Each line from the one containing "1980s Lois Darkwash" through the last line of the data below should be printed exactly, please, with any pictures omitted.

◆ **MATERIAL PROVIDED**:
Content starts

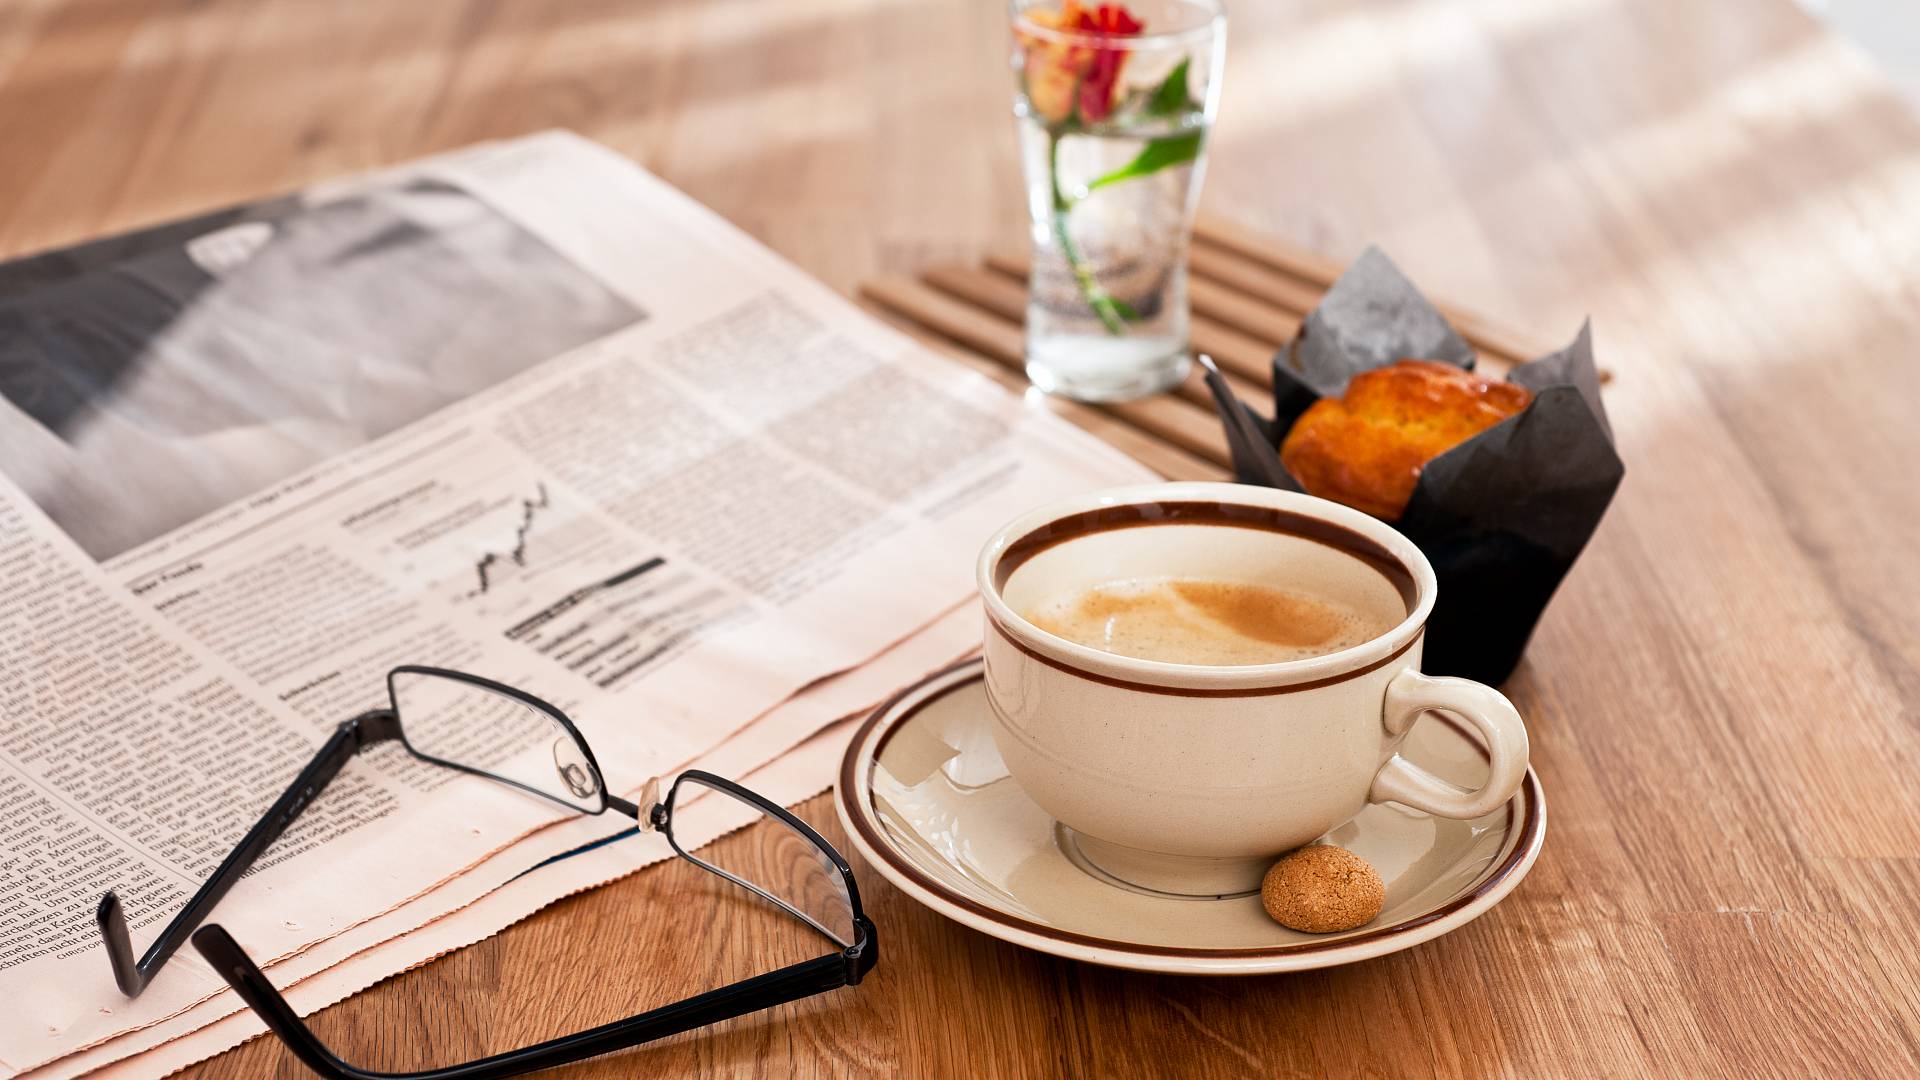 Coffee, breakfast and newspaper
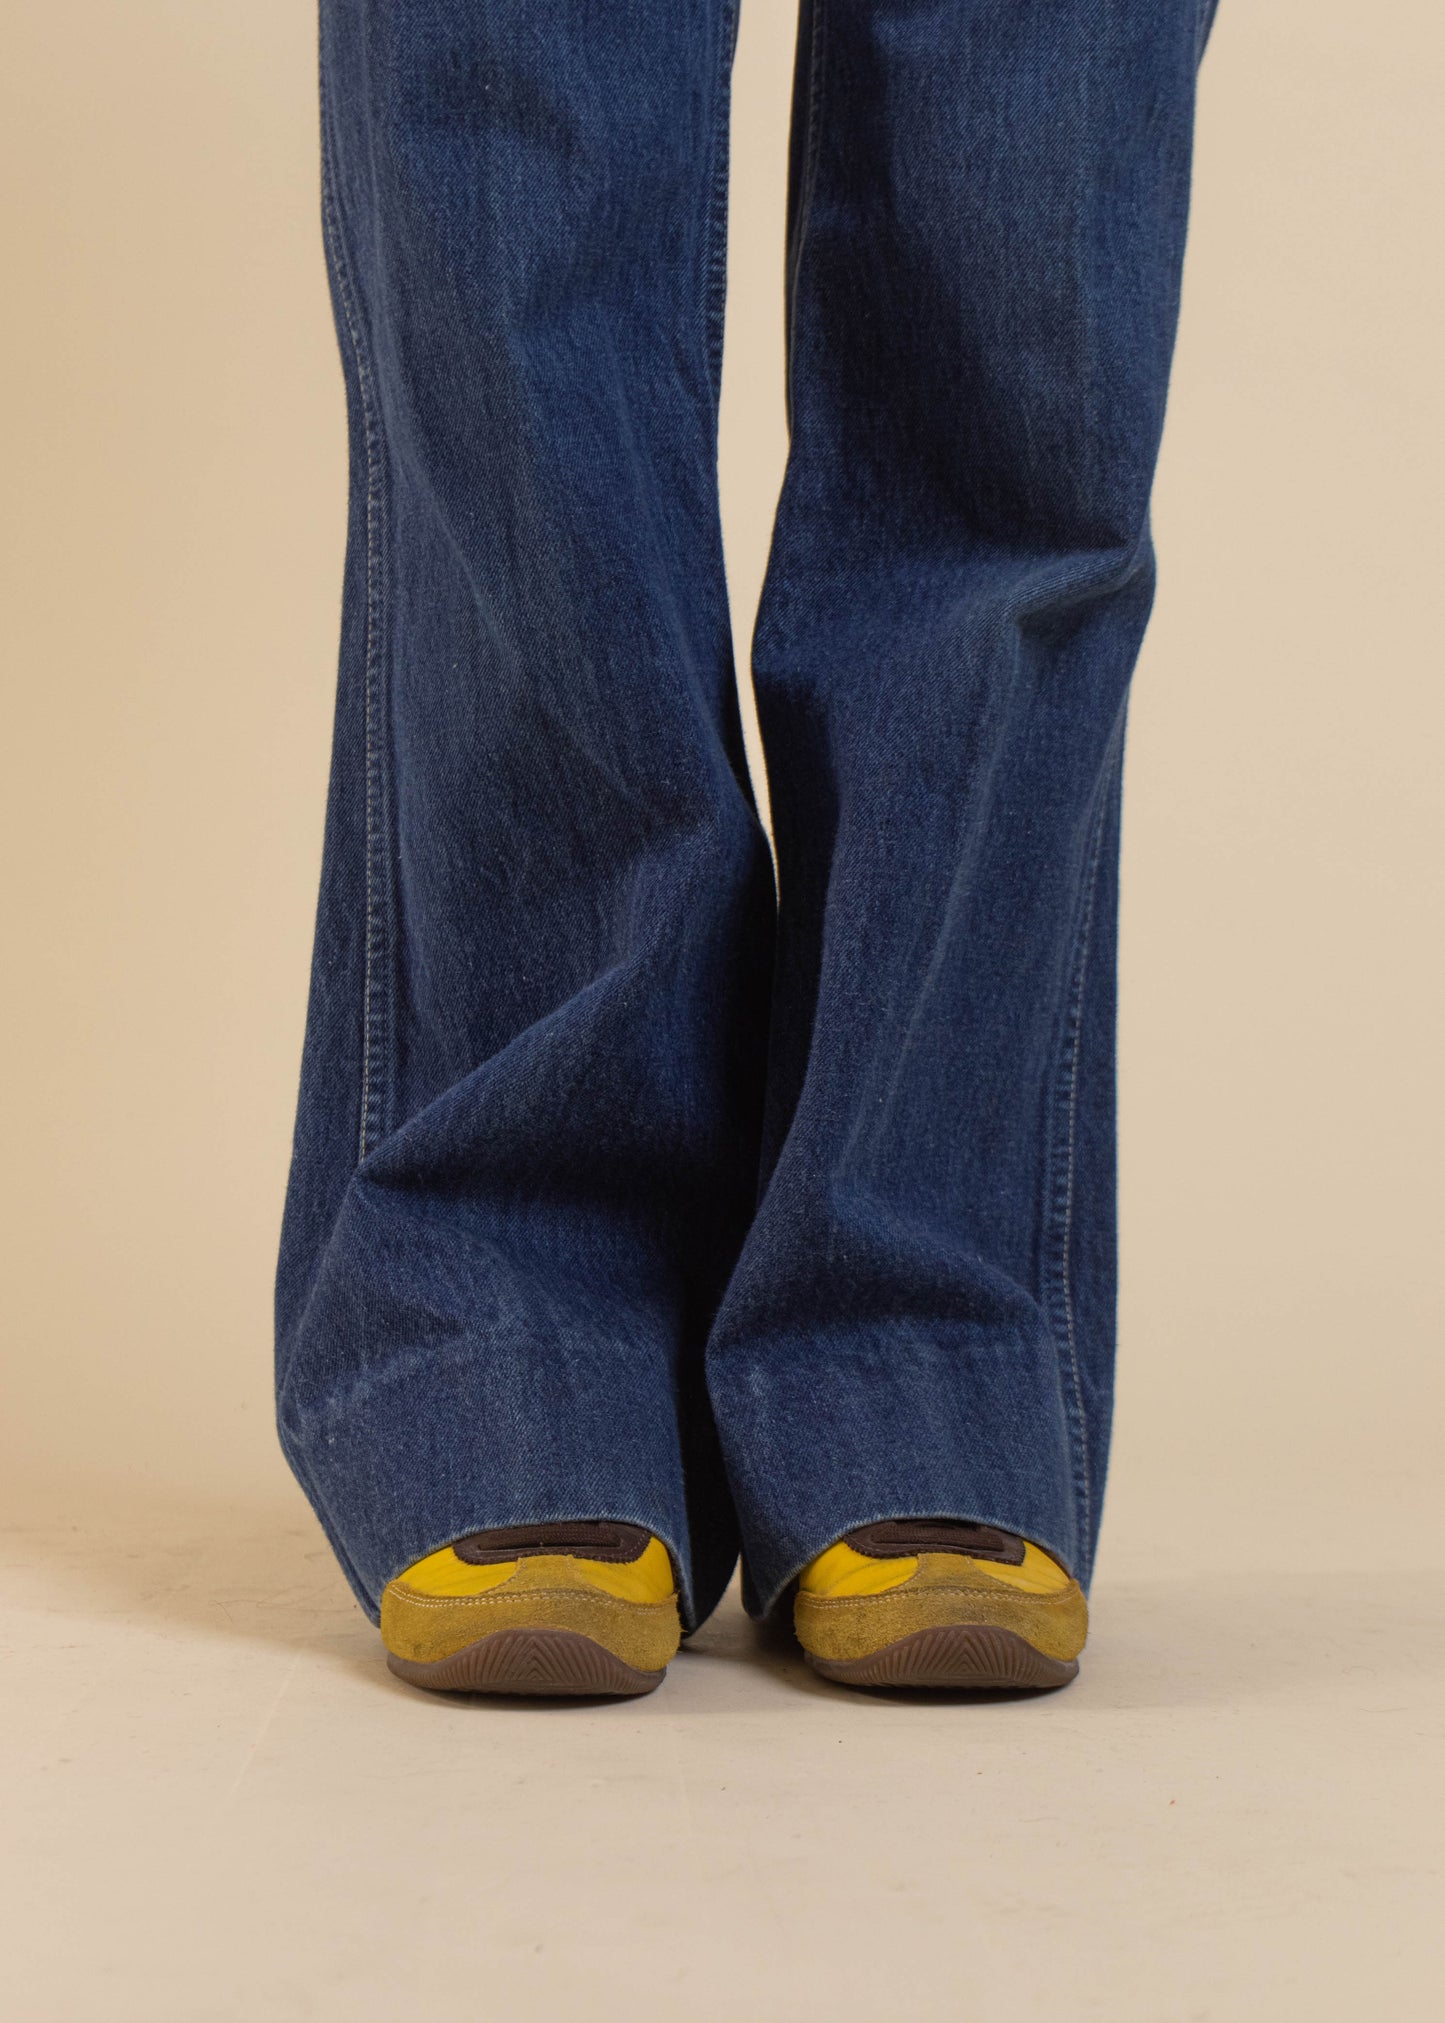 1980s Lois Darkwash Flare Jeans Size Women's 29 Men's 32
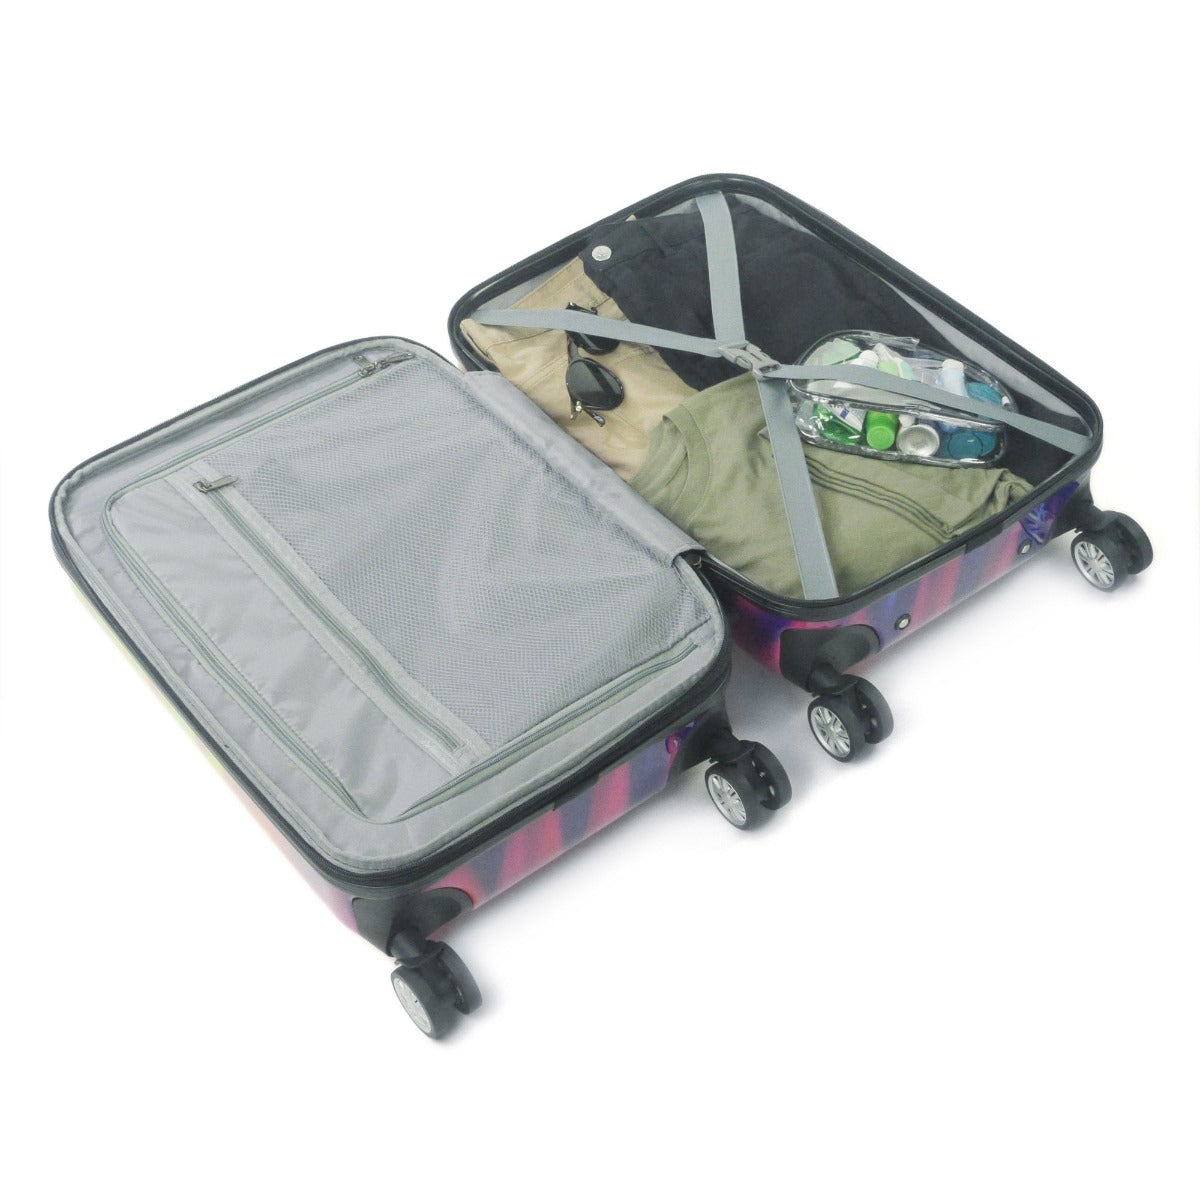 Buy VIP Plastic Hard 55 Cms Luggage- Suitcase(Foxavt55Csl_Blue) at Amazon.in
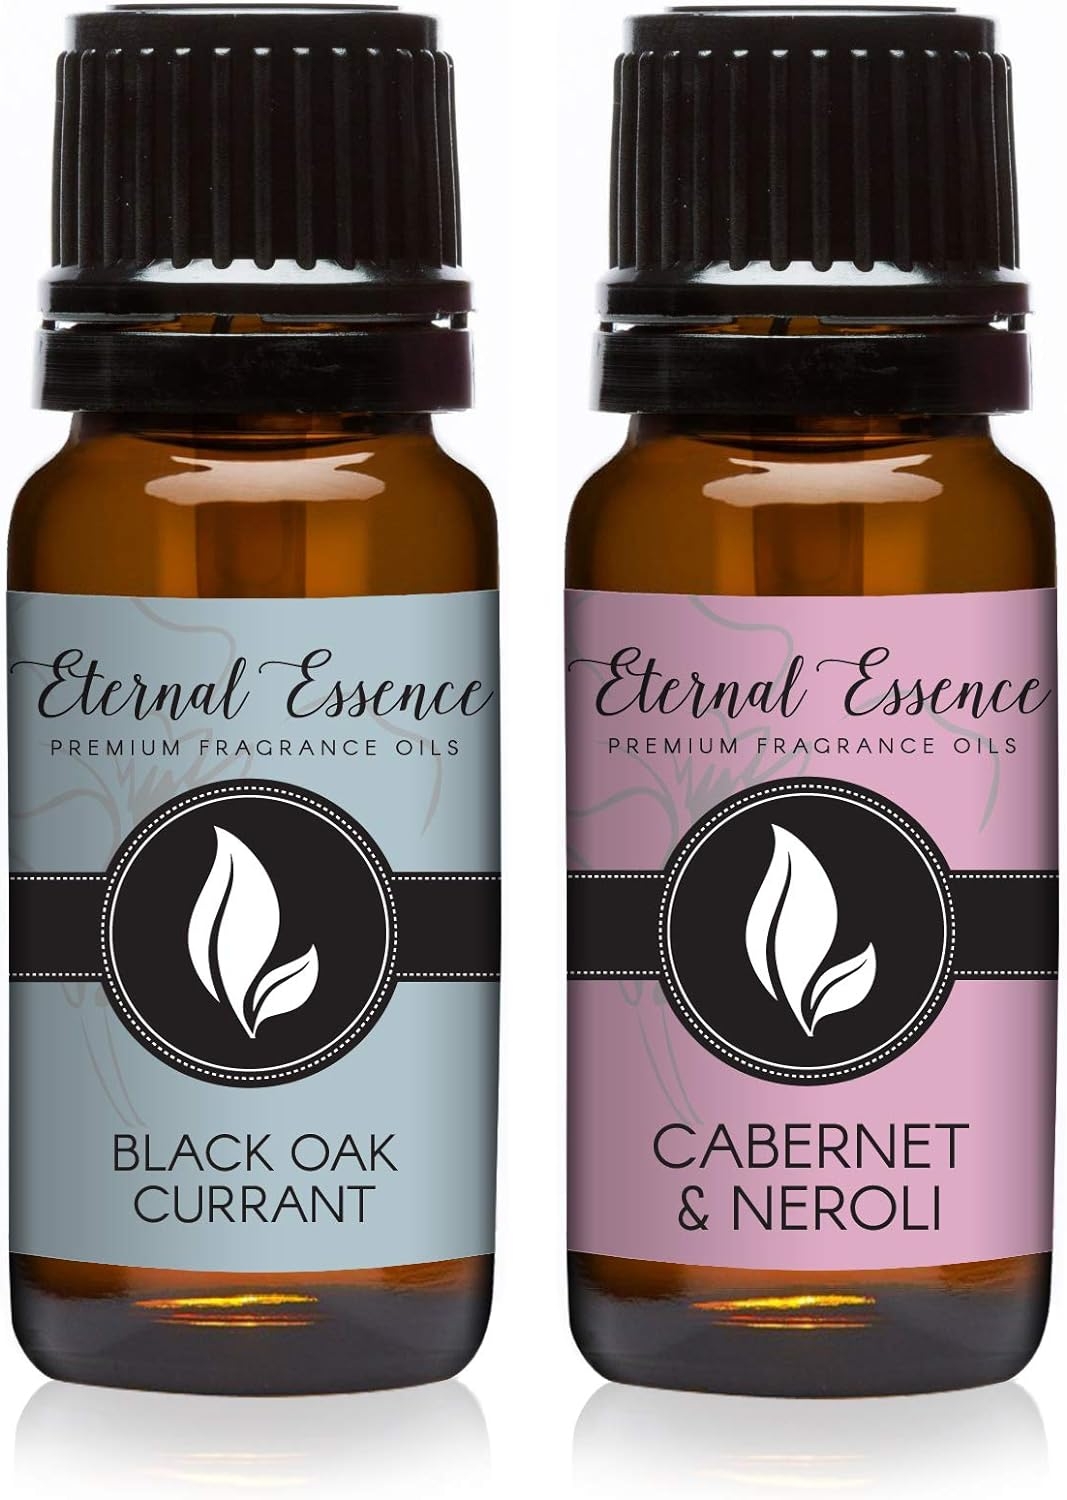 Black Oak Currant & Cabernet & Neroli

Content ends

◆ **ANSWER TO THIS EXERCISE**:
 1980s Lois Darkwash Flare Jeans Size Women's 29 Men's 32
 Buy VIP Plastic Hard 55 Cms Luggage- Suitcase(Foxavt55Csl_Blue) at Amazon.in
 Black Oak Currant & Cabernet & Neroli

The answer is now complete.